In 1988, a novel growth factor for precursor B cells was identified and designated lymphopoietin-1 (5). Now more commonly known as interleukin (IL)-7, its functional significance and therapeutic potential continue to be investigated. As a pleiotropic cytokine, IL-7 is involved in early B and T cell development (5–10), growth, maintenance and differentiation of thymocytes (11–14) and peripheral T-cell homeostasis (15–17). IL-7 expression has been detected in numerous types of tissue, including bone marrow (5), thymus gland (9,12), liver, kidney, spleen (8), intestine (18,19) and skin (6,19,20).

The IL-7 receptor (IL-7R) complex is a heterodimer of transmembrane proteins, the IL-7 specific α chain (also known as CD127) and the common γ chain (CD132) (21,22). Neither component is unique to IL-7 signalling, with the α chain also being utilised by thymic stromal lymphopoietin (23,24) and the common γ chain by other members of the interleukin family, including IL-2, IL-4, IL-9 and IL-15 (25–28). Although it is predominantly expressed by cells of the lymphoid lineage, IL-7R has also been detected in human endothelial cell lines (29) and several cancer cell lines, including lung, central nervous system, renal, colon, breast and skin cancer, as well haematological malignancies (30). It also exists in a soluble form that is capable of binding IL-7 in solution (21). IL-7R activation by IL-7 binding leads to dose-dependent phosphorylation of Janus kinase (JAK)-1 and JAK-3 and subsequent phosphorylation of signal transducer and activator of transcription 5, which then translocates to the nucleus to induce gene transcription (31,32), as reviewed by Mazzucchelli and Durum (33). IL-7 has also been demonstrated to activate the phosphatidylinositol 3 kinase (PI3K)/protein kinase B (Akt) signalling pathway in murine and human thymocytes which is known to influence cell survival (32,34,35); however, the exact nature of this signalling pathway is not fully understood.
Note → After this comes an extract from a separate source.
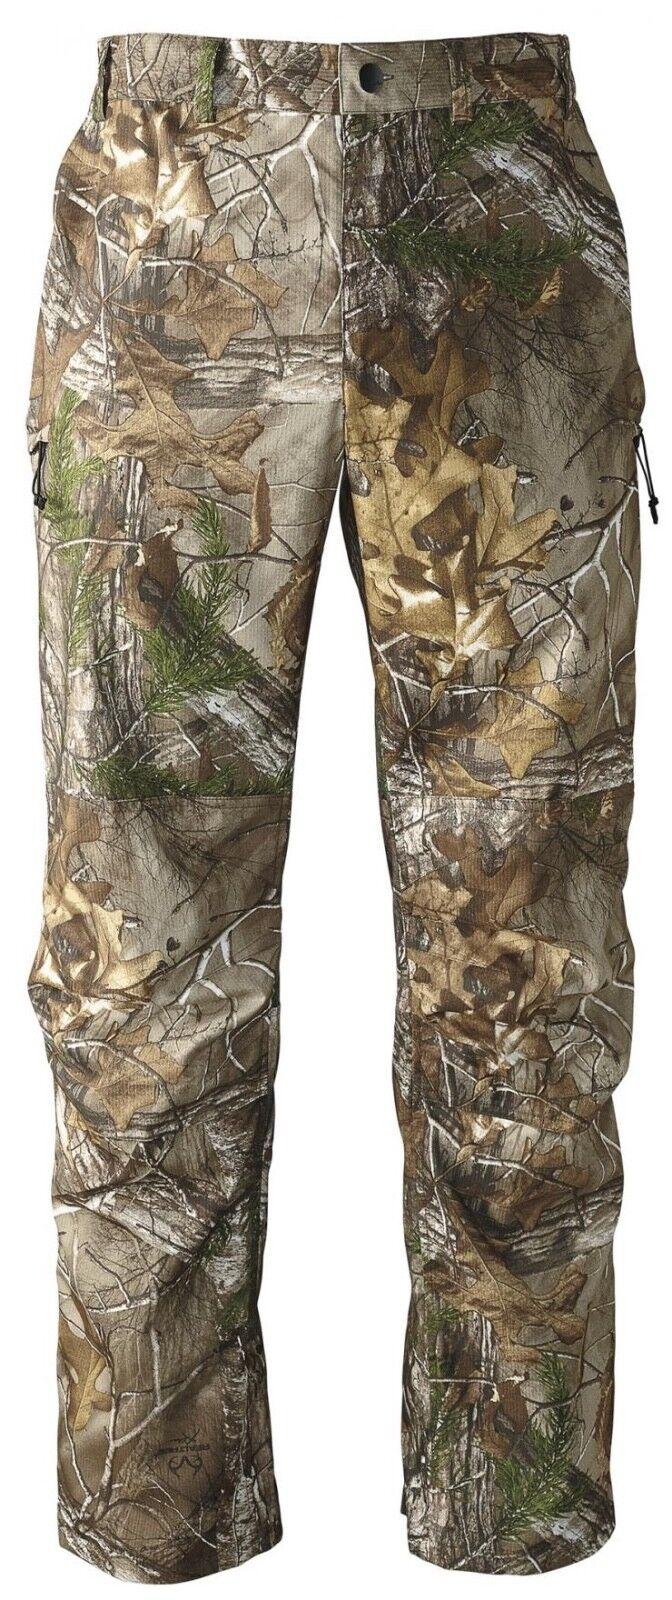 Cabela's Men's Waterproof Windproof Silent Realtree XTRA Ultra Hunting Pants   guaranteed

Although its role in immunological development has been known for some time, studies with IL-7 transgenic mice revealed its potential to act as an oncogene in vivo and promote the malignant transformation of B and T cells (36). IL-7 has been demonstrated to affect cell growth and survival in certain haematological malignancies, including acute lymphoblastic leukaemia (37–39), cutaneous T cell lymphoma (20,40,41), Hodgkin's disease (42), acute myeloid leukaemia (43) and chronic lymphocytic leukaemia (39,43,44). IL-7 mRNA has also been identified in numerous solid organ tumours, including Warthin's tumour of the parotid gland (45), head and neck squamous cell carcinomas (46), renal cell carcinoma (47), oesophageal carcinoma (48), colorectal carcinoma (49) and breast carcinoma (19). The exact role of IL-7 in these tumours is not fully understood, however it is thought to affect lymphocytes (49); for instance, in cutaneous T-cell lymphoma, IL-7 has been shown to support the growth of malignant T-cells in the skin (21). Increased IL-7 expression in breast cancer is associated with a higher tumour grade and poorer prognostic outcome (19). This may be due to the effects of aberrant IL-7 expression on the development, growth and differentiation of breast cancer (19), the ability of IL-7 to act as a potent growth factor for breast cancer and endothelial cells (50) and/or the ability of IL-7 to stimulate lymphangiogenesis in breast cancer cells in vitro and in a mouse model (51,52). These findings are concordant with analyses conducted on non-small cell lung cancer (NSCLC), in which tumours with high IL-7 expression were more advanced and more likely to have metastasised to lymph nodes, possibly due to stimulation of lymphangiogenesis (53). Postoperative survival rates were shorter in patients with higher levels of IL-7/IL-7R expression (54). Furthermore, the expression levels of IL-7 have been reported to correlate with tumour stage and the presence of lymph node metastases (54). In vitro studies have demonstrated that IL-7 stimulates lung cancer cell proliferation and increases cyclin D1 mRNA and protein expression, higher levels of which correlate with reduced survival rates in patients with NSCLC (55).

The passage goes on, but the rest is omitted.